В очень теплый весенний день в самом конце апреля 1946 г. с Шехтером и Резником шли мы в школу. По свойственной мне в те поры и не изжитой по сию пору мечтательности я о чем-то задумался, загляделся неведомо на что. Бабушка это называла, и все ее дети вслед за ней, «Загляделся, как Ларёв на нёбо». Жил в бабушкином детстве в Ярцеве некто Ларёв, который после травмы или болезни не мог держать голову иначе, как вздернув высоко подбородок, как человек постоянно глядящий в зенит и физически неспособный смотреть себе под ноги. Таков и я бывал частенько. Вот и на этот раз я зацепился левой ногой (это важное обстоятельство) за неровность асфальта, упал и даже через штанину сильно ссадил себе коленку. Расстроился не сильно, потому что всем доподлинно известно: споткнуться на левую ногу — к счастью.

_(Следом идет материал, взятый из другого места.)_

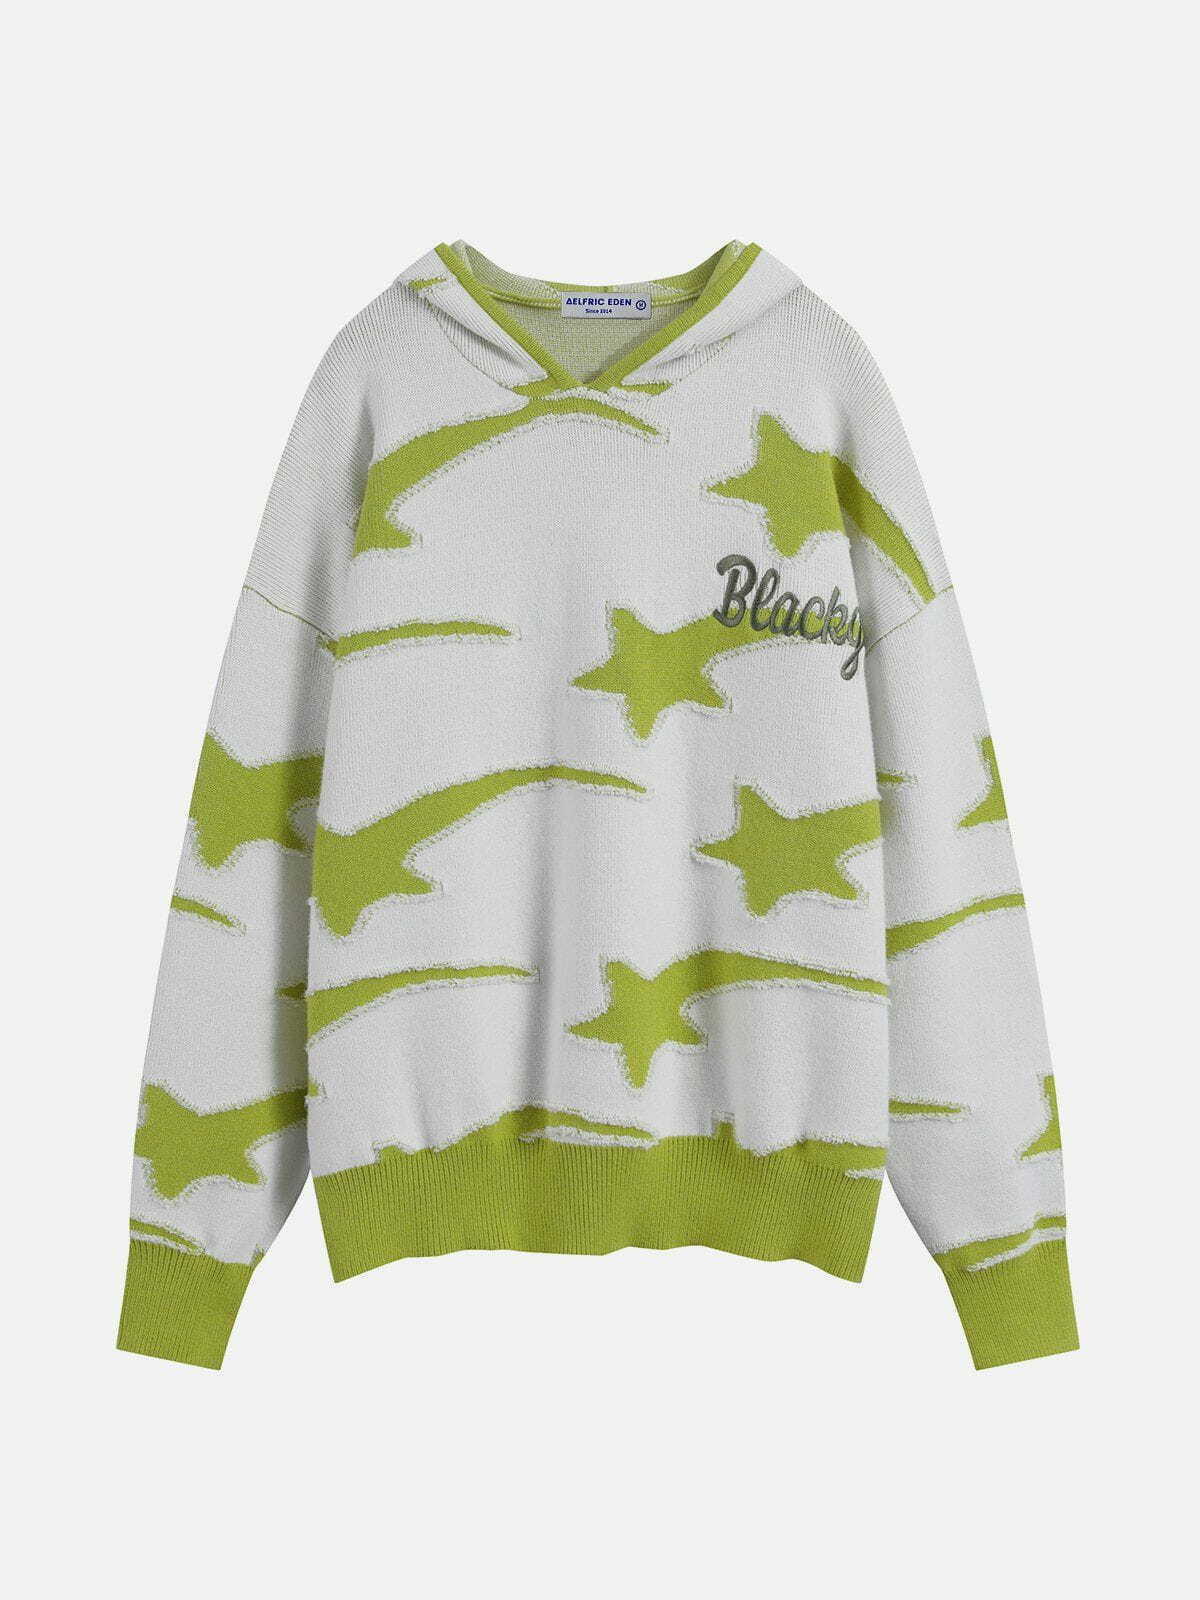 youthful shooting star hoodie eclectic streetwear charm 6444

Через пару дней мама взяла меня с собой на первомайскую демонстрацию. Идти со Старосадского до Красной площади, если по прямой, то от силы полчаса. Колонна шла, конечно, не кратчайшим путем, но все равно недолго. Жалко только, что наш район шел по предпоследней полосе, считая от мавзолея. Я-то все равно не видел вообще ничего, кроме задниц впереди идущих. И тут мама попросила незнакомого мне сослуживца поднять меня повыше. Он посадил меня на плечи и крепко держал за лодыжки. Теперь я был гораздо выше почти всех на этой площади, кроме немногих таких же счастливцев, восседавших на плечах отцов. И я увидел Сталина! Я его отличил и от других вождей в гражданской одежде, и от маршалов в таких же фуражках и шинелях, как у него, я точно узнал его.

После праздников, подходя к школе, на том самом месте недалеко от проходной фабрики им. Эрнста Тельмана, я вспомнил о своем падении и гордо сказал приятелям: «Я вам говорил, что споткнуться на левую ногу — к счастью. Вот я и увидел Сталина!».

В декабре 1947 г. случилось важное событие — денежная реформа и отмена карточек. Банкноты поменяли на новые в соотношении 1:10, а монеты оставили прежние. Отец разменял сколько сумел банкнот на мелочь в заводском буфете, а на остальные купил билеты в театры. Родители пару месяцев ходили не меньше раза в неделю по театрам, и изредка мы ходили втроём.

Примерно в середине третьего класса я увлекся собиранием (не могу назвать это увлечение коллекционированием) почтовых марок. Довольно скоро у меня собралось альбома три-четыре иностранных марок, подобранных по странам. Отечественные марки меня не интересовали. Мне очень нравились марки Монголии, Тувы и некоторых африканских территорий, это назвалось колонии. Они часто были вычурной формы — треугольные, ромбические или прямоугольные, но с необычными пропорциями: один из размеров — высота или ширина, много больше другого. У меня была целая страница, стандартных марок почты Третьего рейха разных номиналов и цветов с портретом Гитлера, штук тридцать. В это время любимым моим занятием, после чтения, было подолгу, иногда часами, рассматривать свои альбомы. Не могу сказать, о чем я думал в это время. Это было что-то вроде медитации, о которой я тогда ничего не слышал и слова этого, конечно, не знал. Я обязательно брал с собой свои альбомы, когда ехал в Голицыно на каникулы.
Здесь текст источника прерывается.